Давидченко схватил монету и вышел. А Потапенко стал думать, как забрать седло. Пусть Катерина со своим Антипкой принесут — и черт с ними. Оформлять процессуально не будет, некогда понятых вызывать. И так хлопот полно с этим седлом. На черта оно им было? Возись теперь с ним, лучше бы сгорело вместе с конюшней.

Он сидел за столом, прислонившись щекой к стопке чистой бумаги, в самом скверном настроении. Чуть не задремал, да услышал голос в коридоре:

— Алексей Сидорович, это я, можно?

На пороге стояла Леокадия в белом платье и белой шляпке с широкой красной лентой. В комнату вошла, высоко подняв голову, с ослепительной улыбкой. Пышный бюст несла, словно только что полученный орден Станислава.

— Алексей Сидорович, мама передает вам в письме привет.
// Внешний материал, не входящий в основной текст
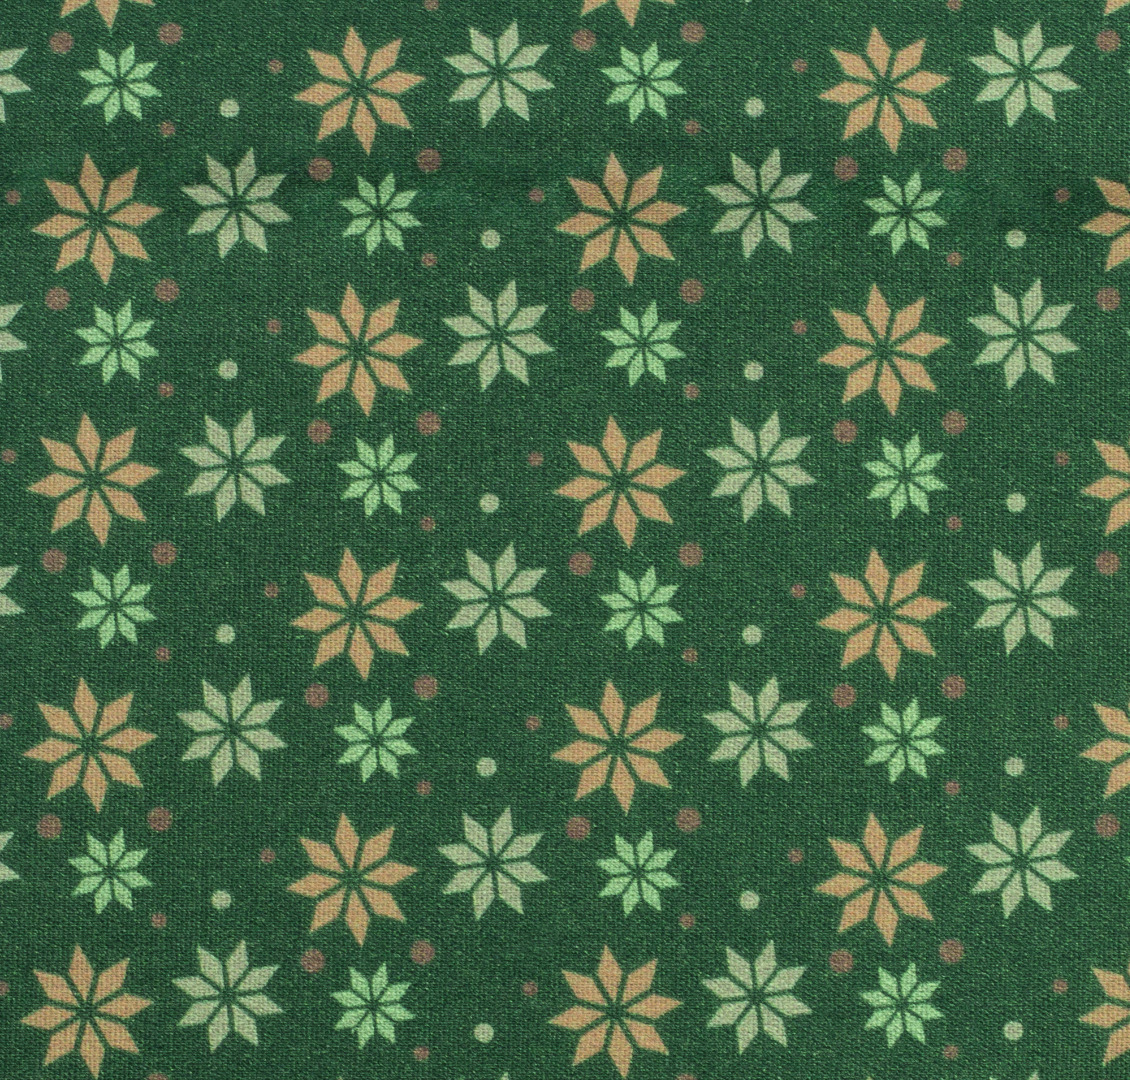 Baumwolle Sterne grün Weihnachtsstoff

Беспокоится о вашем здоровье. Как оно? Что-то у вас глаза провалились. Какой-то вы весь измученный.

— Службой, — сказал он и снова прислонился щекой к стопке бумаги. — И голова что-то болит, — приврал он.

Леокадия пододвинула к нему кресло, села, стала поглаживать висок.

— Отчего ж это ваша головка разболелась? А оттого, Алексей Сидорович, что не хотите меня видеть и совсем обо мне не думаете, а я страдаю без вас от тоски. Вы же и в романах читали, как тяжко переживают женщины одиночество. Правда?

— Ага, — мотнул головой Потапенко, чтобы не гладила.

— А я люблю тосковать, если знаешь, что и по тебе тоскуют, — говорила она, улыбаясь и не переставая гладить ему висок.

Потапенко принялся внимательно ее разглядывать, словно прикидывая, чего она стоит. Прежде всего заметил, что глаза у нее холодные и тусклые, как мутная вода, лобик узкий, хлипкий, казалось — сдави его двумя пальцами, он треснет, как яичная скорлупа. Заметил, что и ноздри неровные — одна больше, другая меньше, и уши острые, как у лисы. И сколько еще неприятного заметил он в эти минуты! А всего неприятней была ему ее болтовня… «Чтоб ты потолстела на два пуда», — пожелал он ей в душе.

А Леокадия подвинулась еще ближе и сказала:

— Алексей Сидорович, пойдемте на речку. Я хочу на лодке покататься. Там так хорошо. Птички чирикают.

— Я же на службе, — вскочил он со стула, — у меня — во работы! Даже поесть некогда было.

— Так я тебе пирожков принесу.

— Не до пирожков. Вечером увидимся.

— Вечером, — надулась она, — к Гапочке пойдете. Вчера были же у нее. Мне Клара Фридриховна сказала. И очень веселились там.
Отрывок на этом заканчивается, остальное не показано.